Optus BGP Outage 2023: How a Routing Change Took Down an Entire National Carrier
On November 8, 2023, Optus -- Australia's second-largest telecommunications provider and a subsidiary of Singapore Telecommunications (Singtel) -- suffered a nationwide network outage that lasted over 14 hours. Approximately 10 million customers lost access to mobile, fixed-line, and internet services. The outage knocked out emergency triple-zero (000) calls for hundreds of thousands of people, disrupted hospitals, public transit payment systems, and businesses across the country. The root cause was a BGP routing change that propagated through Optus's network in a way that the company's routers could not handle, triggering a cascading failure of its core routing infrastructure.
The Optus outage of 2023 stands as one of the most severe telecommunications failures in Australian history. It prompted a formal investigation by the Australian Communications and Media Authority (ACMA), a Senate inquiry, and significant regulatory action. The incident demonstrates how a single BGP routing event can take down an entire national carrier, and it exposed critical gaps in Australia's telecommunications resilience -- particularly regarding access to emergency services during network failures.
Background: Optus and the Australian Telecommunications Landscape
Optus operates AS4804 (Optus Internet) and AS7474 (Optus Backbone), among other AS numbers. It is the second-largest carrier in Australia after Telstra and serves roughly 10 million mobile subscribers and 1.5 million fixed broadband customers. Optus's network spans the continent, providing mobile coverage in urban and regional areas, fixed-line services via its own fiber and HFC infrastructure, and enterprise connectivity.

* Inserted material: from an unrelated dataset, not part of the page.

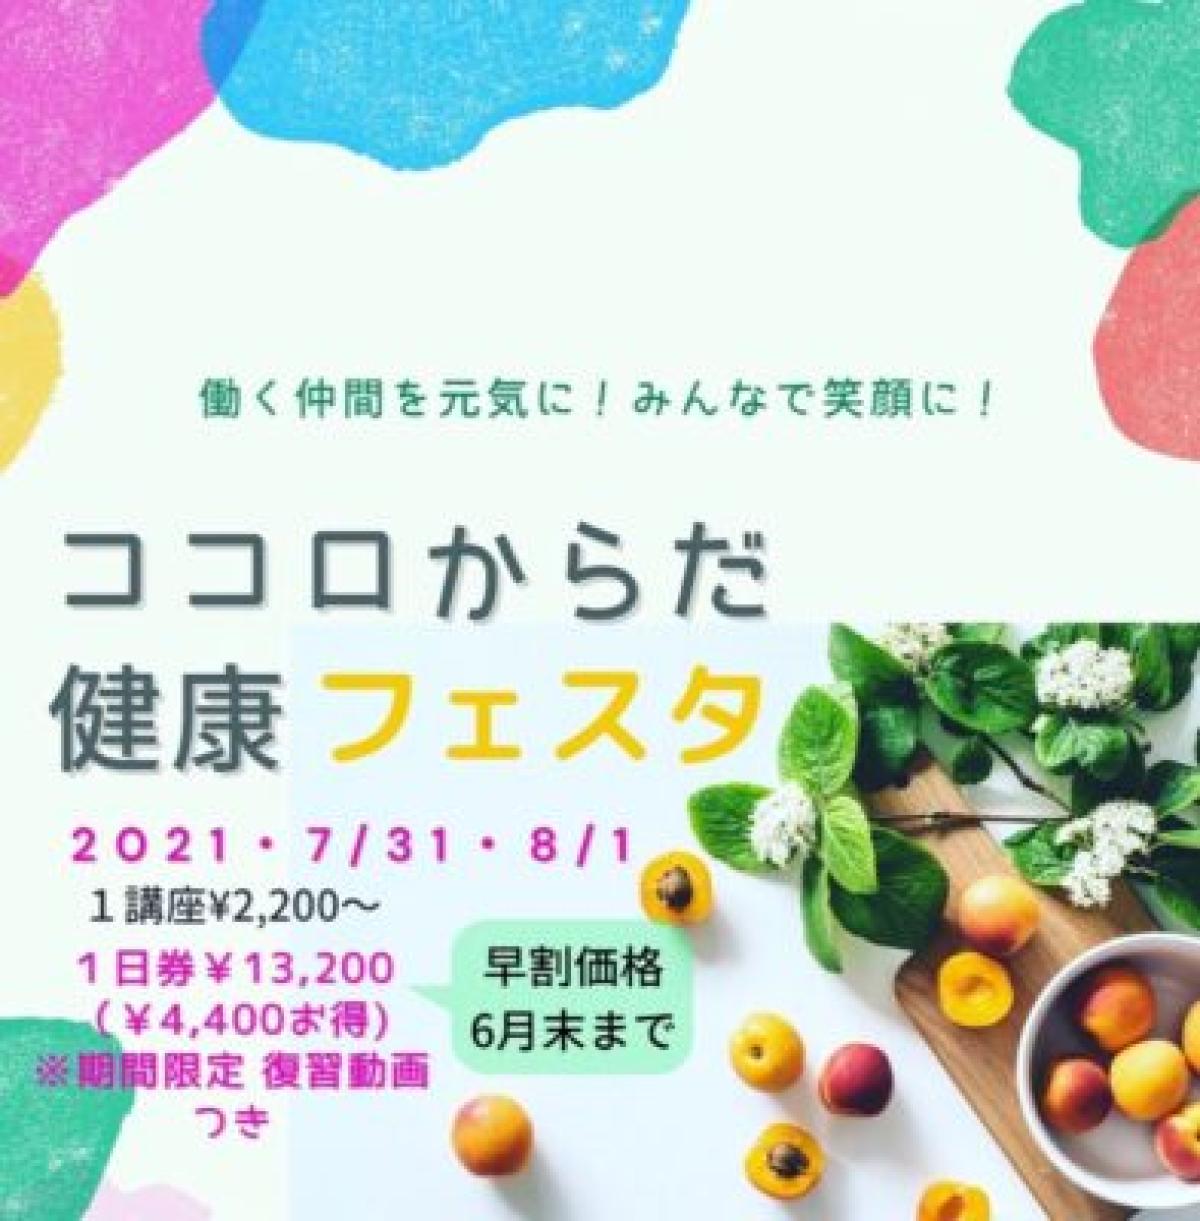 栄養学の資格「栄養 コンシェルジュ」を取得したシナプソロジー インストラクター 袴田雅江さんが、ココロからだ健康フェスタにて講座の講師を務めます

Optus is a wholly owned subsidiary of Singtel, Singapore's largest telecommunications company, which operates AS7473 and other AS numbers. The Singtel/Optus network is interconnected with the global internet through peering relationships at major Internet Exchange Points and through transit from upstream providers. This international connectivity becomes relevant to understanding how the outage-triggering event entered Optus's network.
What Happened: The Technical Root Cause
According to Optus's public statements and the subsequent ACMA investigation, the outage was triggered by changes to routing information received from an international peering network. Specifically, a Singtel internet exchange in its international network propagated BGP routing table changes that included an unusually large number of route updates. These route updates were passed to Optus's core routers.
The key failure was in how Optus's routers handled this routing information:
- Route update propagation. On the morning of November 8, Optus's border routers received a set of BGP route updates from the Singtel peering exchange. The nature of these updates -- likely involving a large number of prefixes or AS path changes -- was unusual but not inherently malicious.
- Routing table overflow / processing failure. The volume or nature of the route updates exceeded the processing capacity or routing table limits of Optus's core Cisco-based routers. Optus had not implemented adequate filters or safety mechanisms to prevent such updates from propagating into the core network. When the routers could not process the routing information correctly, they entered a failure state.
- Cascading router failures. As core routers failed or became unstable, they withdrew their own BGP sessions, causing adjacent routers to recalculate routes and propagate further instability. This positive feedback loop -- routers failing, causing route withdrawals, causing other routers to fail -- spread across Optus's entire national backbone within minutes.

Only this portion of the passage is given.